WHAT YOU SHOULD DO: Leave out the pictures, and print exactly the lines from the one holding "bdc8496b3fec2 ... 2018" through the last line of the material.

─── COLLECTED MATERIAL ───

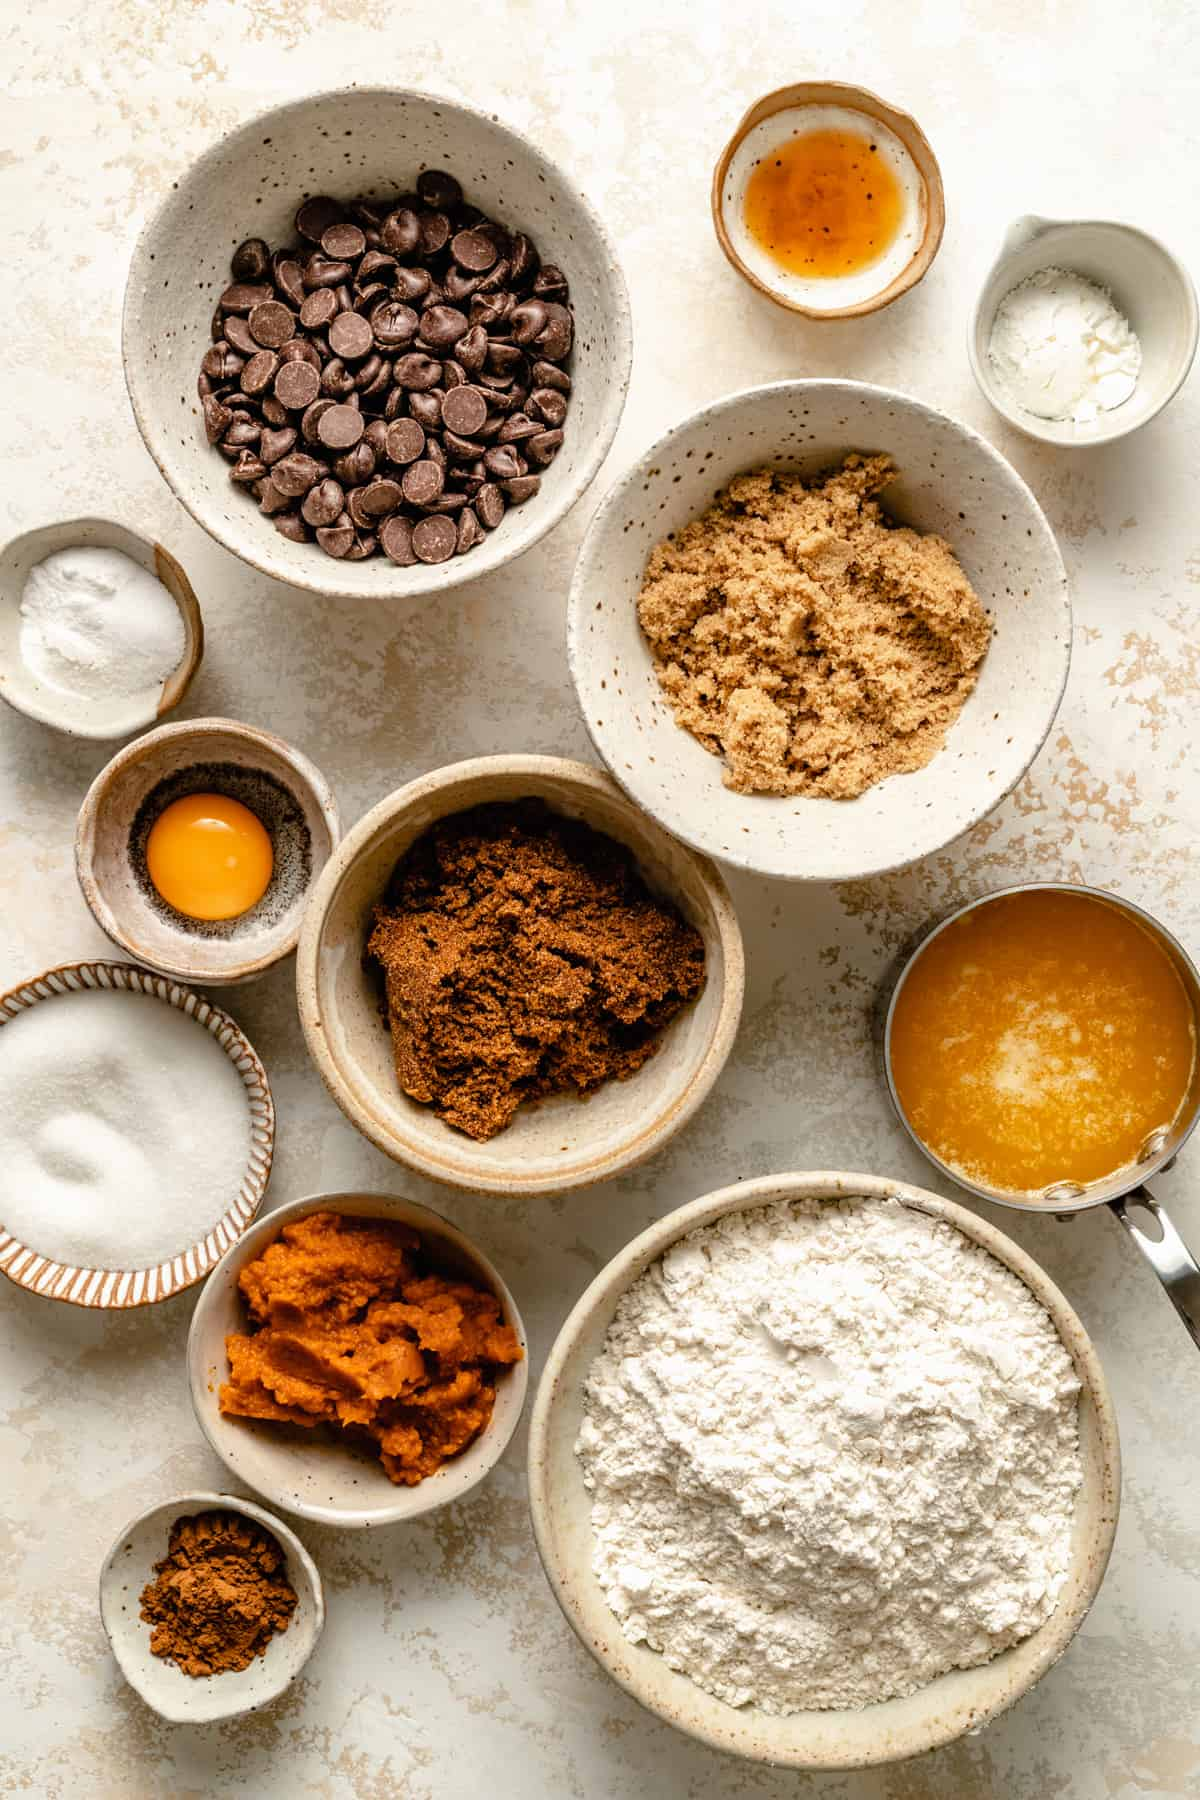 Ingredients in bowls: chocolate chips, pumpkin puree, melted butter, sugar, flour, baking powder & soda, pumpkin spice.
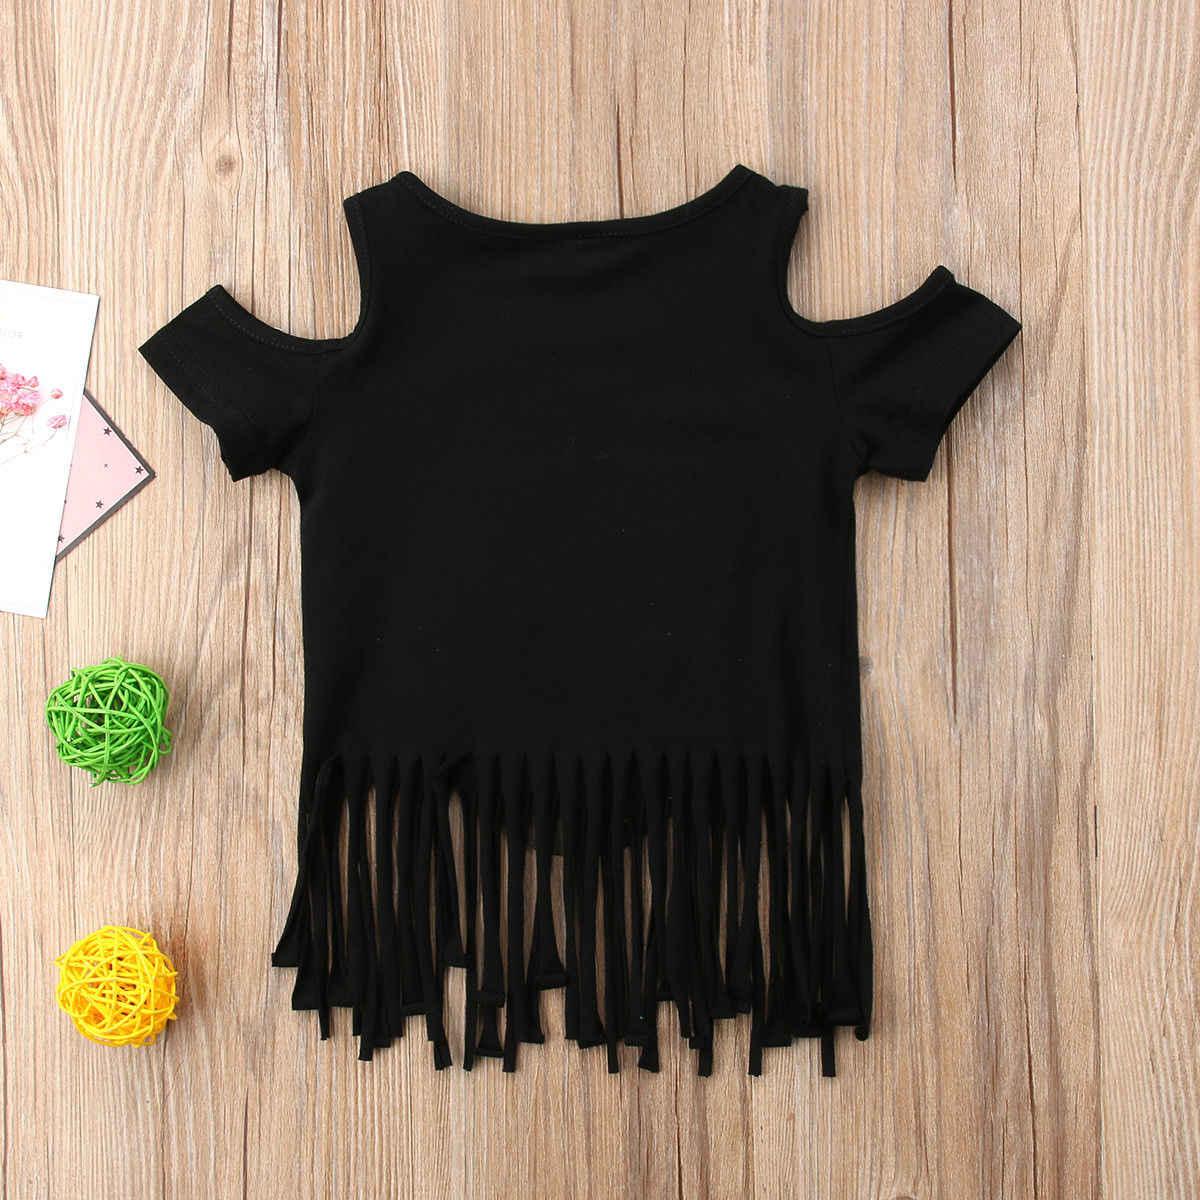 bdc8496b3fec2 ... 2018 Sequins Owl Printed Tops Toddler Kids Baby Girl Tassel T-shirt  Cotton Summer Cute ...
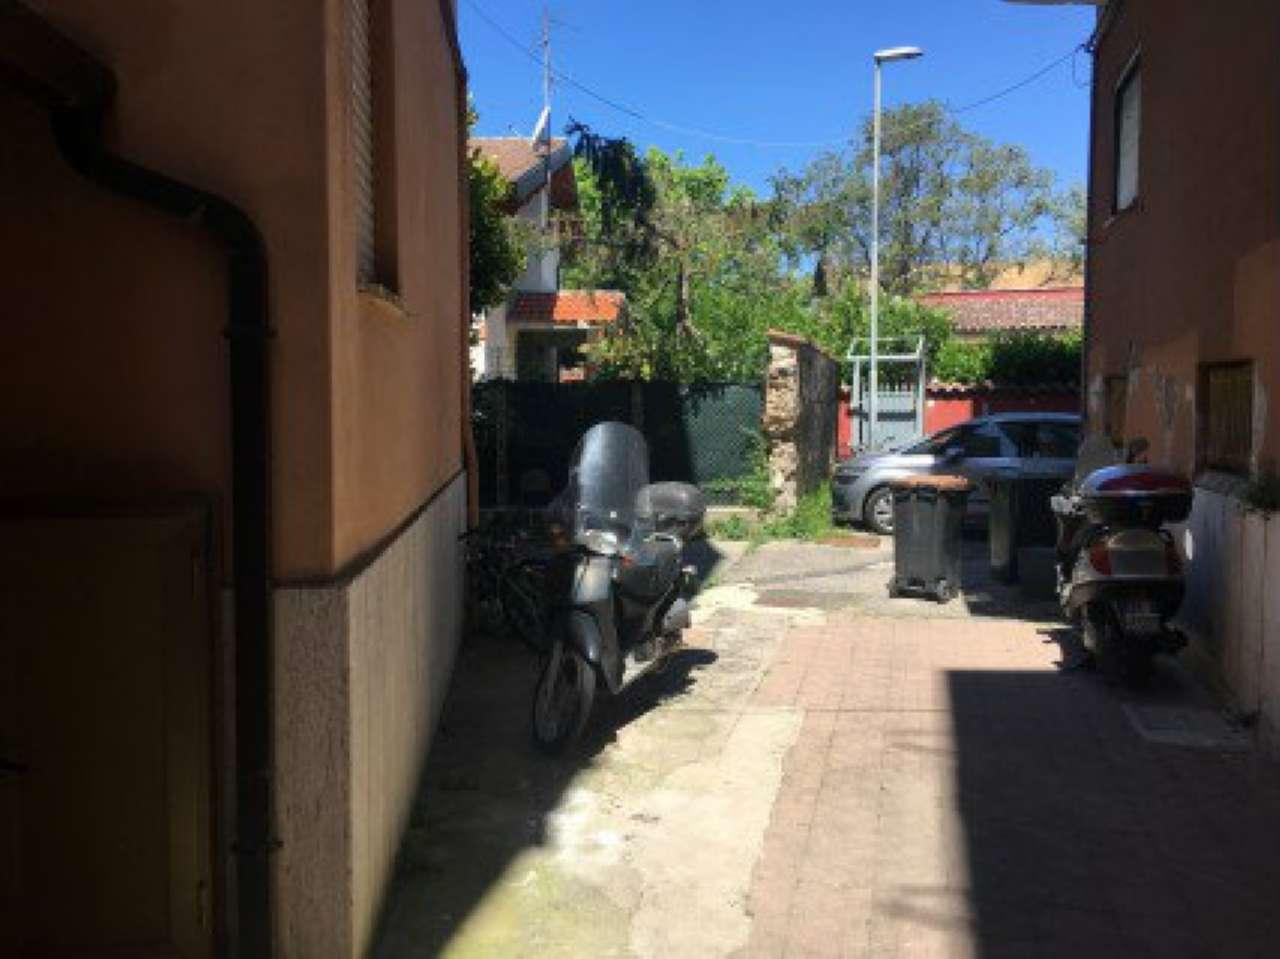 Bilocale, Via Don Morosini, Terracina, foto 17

───

REPLY TO THE TASK:
 bdc8496b3fec2 ... 2018 Sequins Owl Printed Tops Toddler Kids Baby Girl Tassel T-shirt  Cotton Summer Cute ...
 Bilocale, Via Don Morosini, Terracina, foto 17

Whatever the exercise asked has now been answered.